Yang Hao, Yan Dan, Zhang Li, Sun Yunda, Li Dong, Maybank Stephen J
IEEE Trans Image Process. 2022;31:164-175. doi: 10.1109/TIP.2021.3129117. Epub 2021 Dec 2.
Skeleton-based action recognition has attracted considerable attention since the skeleton data is more robust to the dynamic circumstances and complicated backgrounds than other modalities. Recently, many researchers have used the Graph Convolutional Network (GCN) to model spatial-temporal features of skeleton sequences by an end-to-end optimization. However, conventional GCNs are feedforward networks for which it is impossible for the shallower layers to access semantic information in the high-level layers. In this paper, we propose a novel network, named Feedback Graph Convolutional Network (FGCN). This is the first work that introduces a feedback mechanism into GCNs for action recognition. Compared with conventional GCNs, FGCN has the following advantages: (1) A multi-stage temporal sampling strategy is designed to extract spatial-temporal features for action recognition in a coarse to fine process; (2) A Feedback Graph Convolutional Block (FGCB) is proposed to introduce dense feedback connections into the GCNs. It transmits the high-level semantic features to the shallower layers and conveys temporal information stage by stage to model video level spatial-temporal features for action recognition; (3) The FGCN model provides predictions on-the-fly. In the early stages, its predictions are relatively coarse. These coarse predictions are treated as priors to guide the feature learning in later stages, to obtain more accurate predictions. Extensive experiments on three datasets, NTU-RGB+D, NTU-RGB+D120 and Northwestern-UCLA, demonstrate that the proposed FGCN is effective for action recognition. It achieves the state-of-the-art performance on all three datasets.

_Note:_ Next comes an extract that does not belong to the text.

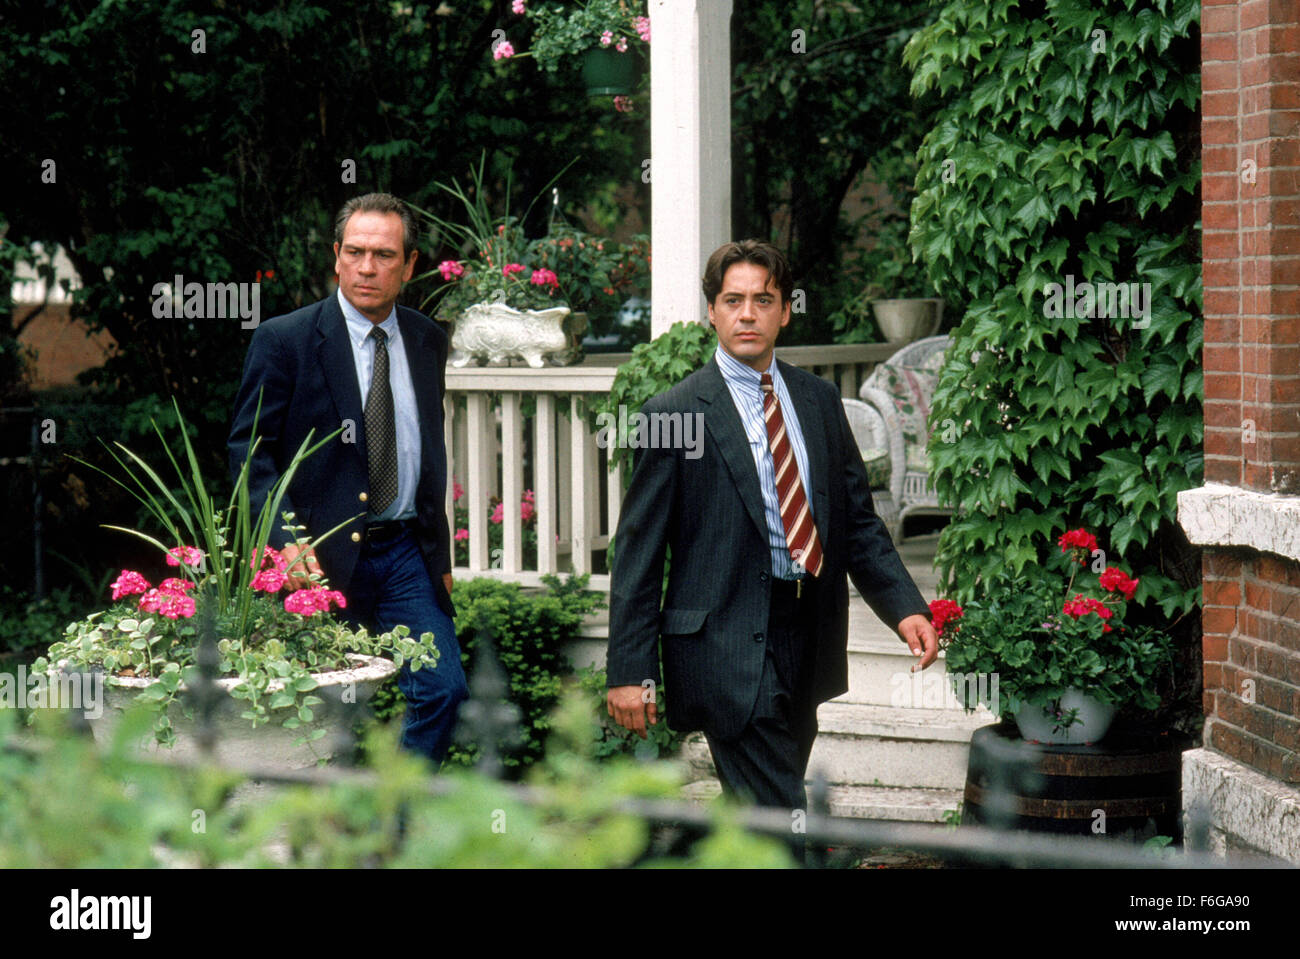 RELEASE DATE: 6 March 1998. MOVIE TITLE: U.S. Marshals STUDIO: Kopelson Entertainment. PLOT: US Marshal Samuel Gerard and his team of Marshals are assigned to track down Sheridan, a murderer and robber. PICTURED: TOMMY LEE JONES as Chief Deputy Marshal Samuel Gerard and ROBERT DOWNEY JR. as Special Agent John Royce. Stock Photo

基于骨骼的动作识别已经引起了相当大的关注,因为与其他模态相比,骨骼数据在动态环境和复杂背景下更具鲁棒性。最近,许多研究人员使用图卷积网络(GCN)通过端到端优化来对骨骼序列的时空特征进行建模。然而,传统的GCN是前馈网络,较浅的层无法访问高层中的语义信息。在本文中,我们提出了一种新颖的网络,称为反馈图卷积网络(FGCN)。这是第一项将反馈机制引入GCN进行动作识别的工作。与传统的GCN相比,FGCN具有以下优点:(1)设计了一种多阶段时间采样策略,以从粗到细的过程中提取用于动作识别的时空特征;(2)提出了一种反馈图卷积块(FGCB),将密集反馈连接引入GCN。它将高级语义特征传输到较浅的层,并逐阶段传达时间信息,以对用于动作识别的视频级时空特征进行建模;(3)FGCN模型实时提供预测。在早期阶段,其预测相对粗糙。这些粗糙的预测被视为先验信息,以指导后期的特征学习,从而获得更准确的预测。在NTU-RGB+D、NTU-RGB+D120和西北大学UCLA这三个数据集上进行的大量实验表明,所提出的FGCN对动作识别是有效的。它在所有三个数据集上都取得了领先的性能。